According to Hossain (2005), there are four criteria for a norm to qualify as jus cogens. The first one is that is should have status as a norm in international law. The second is that it should gain acceptance by the whole international community. Thirdly, the rule needs immunity from derogation. Finally, the norm should be such that it can only be modified by a new law that has the same status (Hossain, 2005).
Do you agree with diplomatic immunity?
My understanding of diplomatic immunity is that it is a legal system that shields diplomats from lawsuits and prosecution from the host country’s laws and grants them safe passage. The concept practically excludes the representatives of foreign states and international organisations from the jurisdictions of the country in which they operate at the moment. The immunity extends to the family members such as children and spouses, provided the diplomat continues to occupy the post. The activities covered under diplomatic immunity can either be official or personal. However, the host country is allowed to expel the diplomat from the state. As a result, diplomatic immunity has proven to be a somewhat controversial topic.

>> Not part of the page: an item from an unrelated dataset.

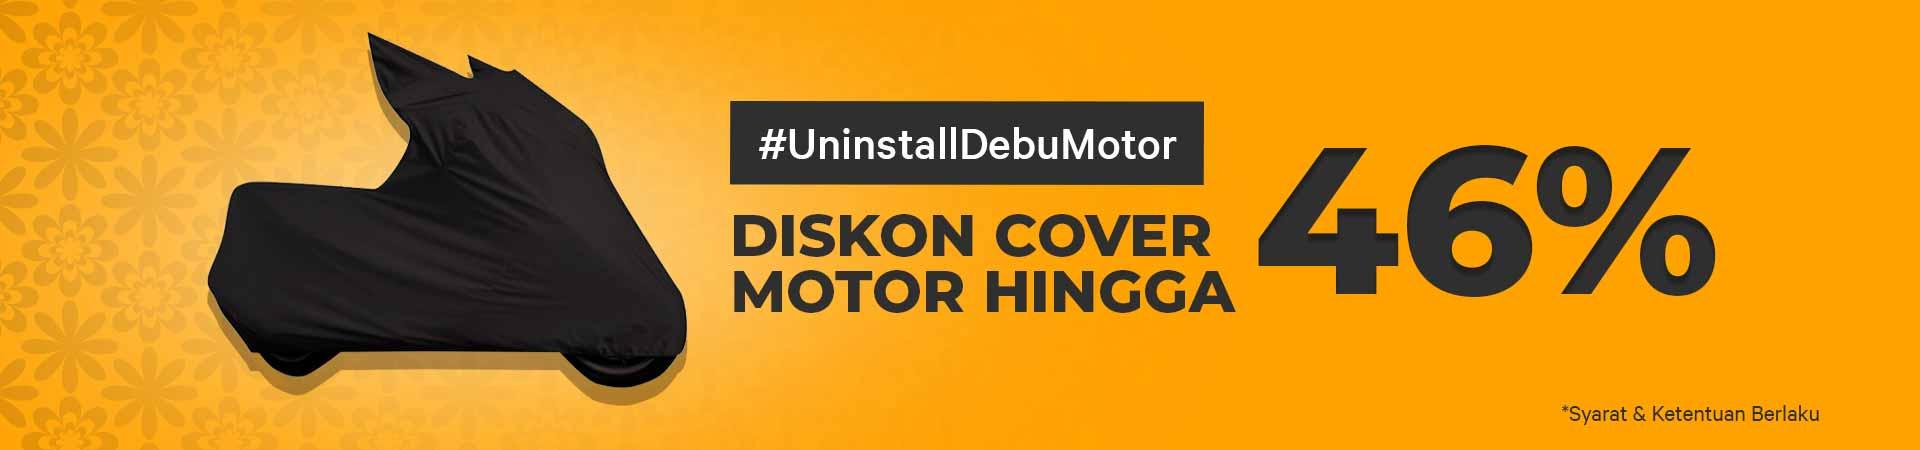 Promo Cover Motor - Uninstall Debu Motor, Diskon Sampai Dengan 46% - Gratis Ongkir!
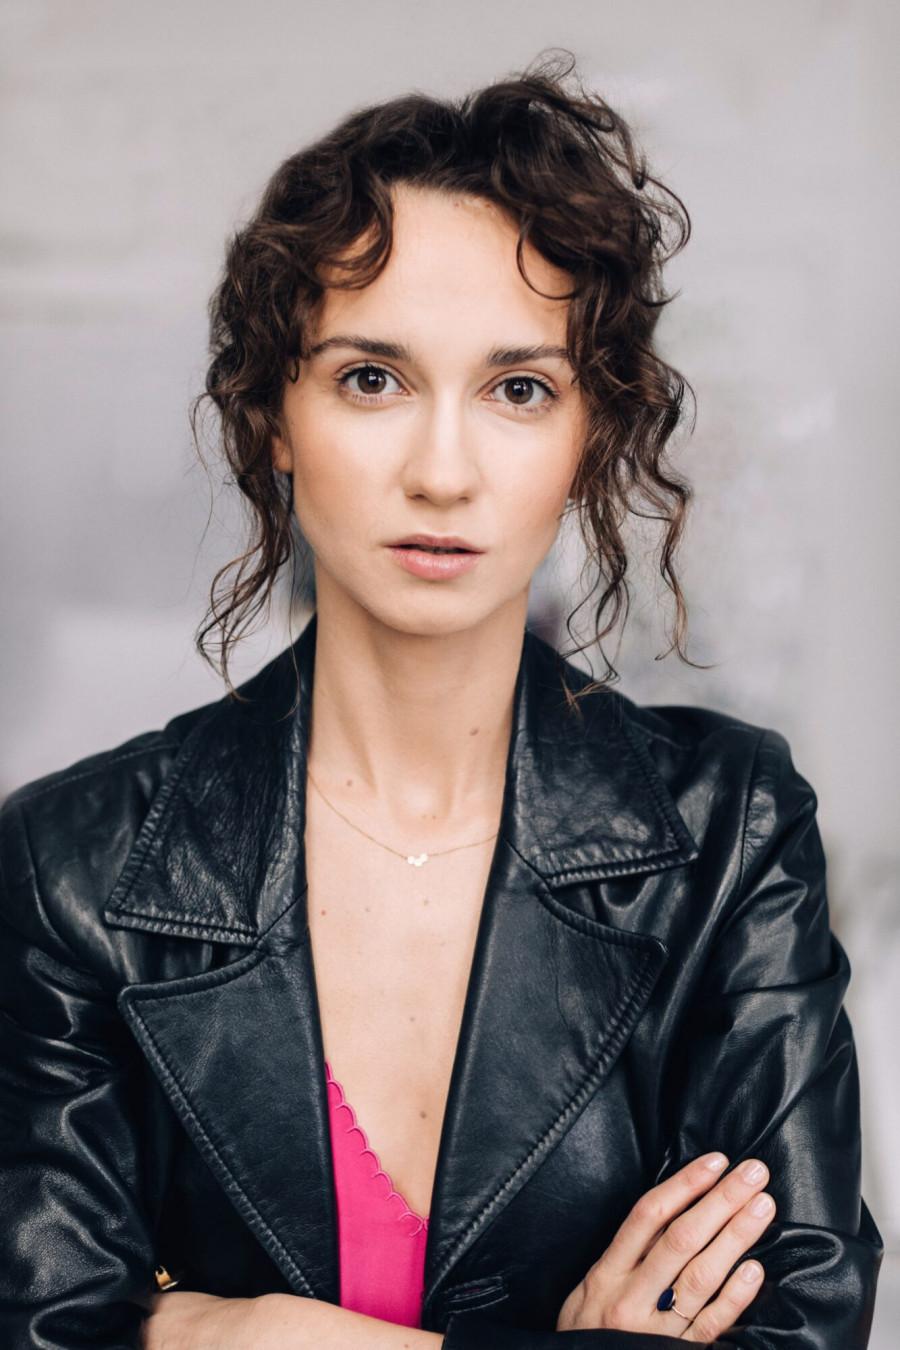 Ewa Jakubowicz

Although international law is a rather recent development in human society, diplomatic immunity is an age-old practice. The ancient Roman and Greek empires were known to provide special status to envois, hence allowing the practice to evolve into what it is today (US Dept of State and the United States of America, 1998). However, the issue of diplomatic immunity has grown to be very controversial because of the precedence it presents in regards to diplomats appearing as people who are above the law of the land. According to the US Dept of State and United States of America (1998), immunity should not be understood as a total exoneration, mean pardon, or complete release from responsibility to comply with the law.